Я готова сдаться, потому что ноги моей больше никогда здесь не будет.
Сдернув со стула шубу, проклинаю то, что она белая. И то, что мое платье
изумрудно зеленое. Это как облиться спиртом и себя поджечь.
— Ты куда? — удивляется Ваня, подтягивая к себе ноги, чтобы меня
пропустить.
— Эм… — поторапливаюсь. — У меня ЧП…
Выскочив на улицу, сворачиваю направо, но когда за спиной снова хлопает
дверь, хочу скулить.
— У нас тут трусливый кролик… — хватает меня за локоть Никита.
Обернувшись, молча смотрю прямо в его глаза, замерев и не двигаясь.
От холода трещит воздух, и мелкие снежинки царапают щеки, но от
напряжения я вообще ничего не чувствую!
С глумливой улыбкой он осматривает мою прическу и кивает на свой
чертов «Порш» со словами:
— Пошли, прокатимся.
— У меня другие планы, — хрипло говорю я.
Его глаза стеклянные.
Он пьян, и во мне нарастает паника, потому что он вцепился в мою руку, как клещ.
— Подвинь свои планы, — дергает меня в сторону машины.
— От-ва-ли, — шиплю я.
Из дверей кафе высыпает большая компания.
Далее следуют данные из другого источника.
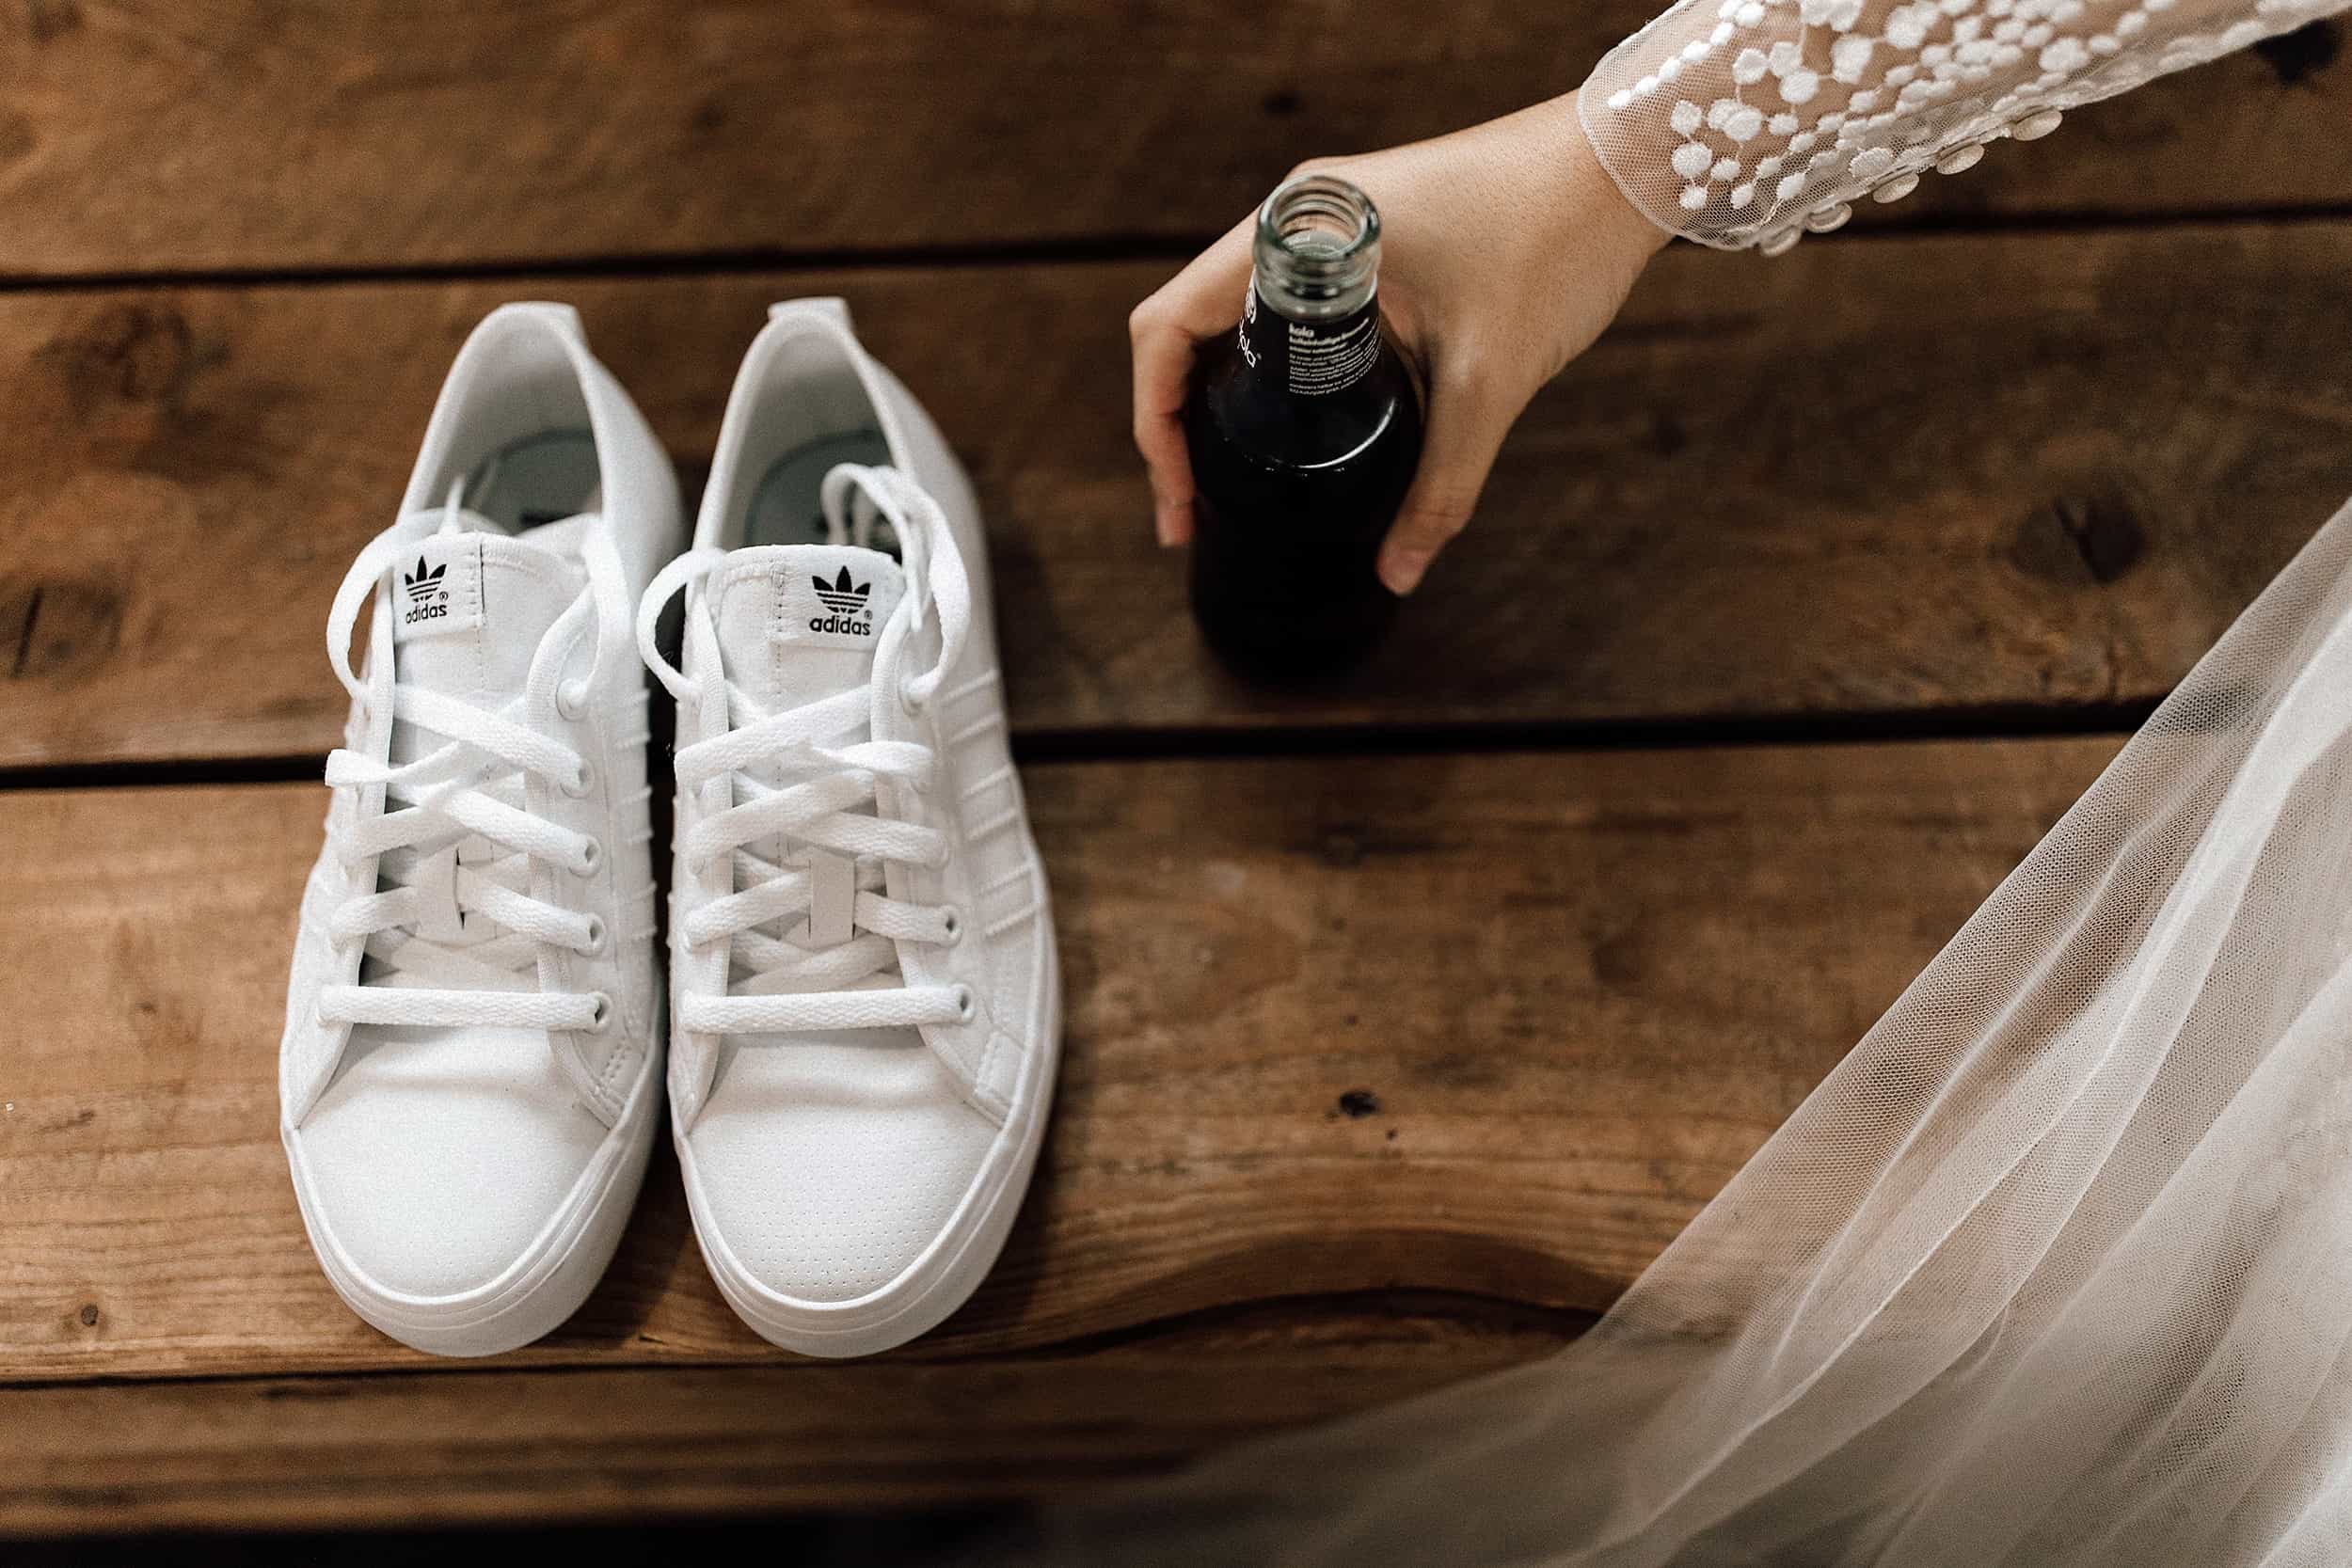 Hochzeitsfoto Getting Ready: Weiße Adidas Turnschuhe als coole Brautschuh Alternative

Проследив за моим взглядом, Касьянов усмехается и нагло спрашивает:
— А то что? Орать будешь?
В горле собирается горький ком, а сердце бьется о ребра.
Я бы все равно не смогла бегать от него вечно… но я лучше умру, чем сяду
в его машину…
Сунув свободную руку в карман, достаю оттуда газовый баллончик.
Касьянов настолько заторможенный, что не успевает даже приблизительно
сориентироваться, когда нажимаю на кнопку и поливаю его лицо едкой
смесью.
— Сука! — воет, падая на землю.
Развернувшись, со всех ног уношусь по тротуару, обгоняя даже свою тень.
Мимо прохожих, которые от меня шарахаются. Просто бегу, проваливаясь
каблуками в снег и даже не пытаясь застегнуть свою шубу.
Останавливаюсь только тогда, когда легкие начинают гореть. Задыхаясь, перебегаю дорогу и запрыгиваю в первый проходящий автобус, даже не
посмотрев на его номер.
Упав на сиденье, закрываю глаза, пытаясь успокоить сердце.
Отлично, Стрельцова. Ты справилась сама!
Кажется, я выкопала себе могилу…
Стерев со щеки слезу, в панике роюсь в сумке.
Выдыхаю, найдя в ней телефон.
Моя рука дрожит, а в голове каша, может поэтому пальцы быстро набираю
сообщение, о котором я жалею в ту же секунду, как нажимаю отправить: Я: “Поиграем?”
Жарюсь в адских муках, видя за окном городскую елку. По крайней мере я
еду в правильном направлении… одумавшись, решаю удалить это
проклятое сообщение, но к своему ужасу вижу, что оно прочитано.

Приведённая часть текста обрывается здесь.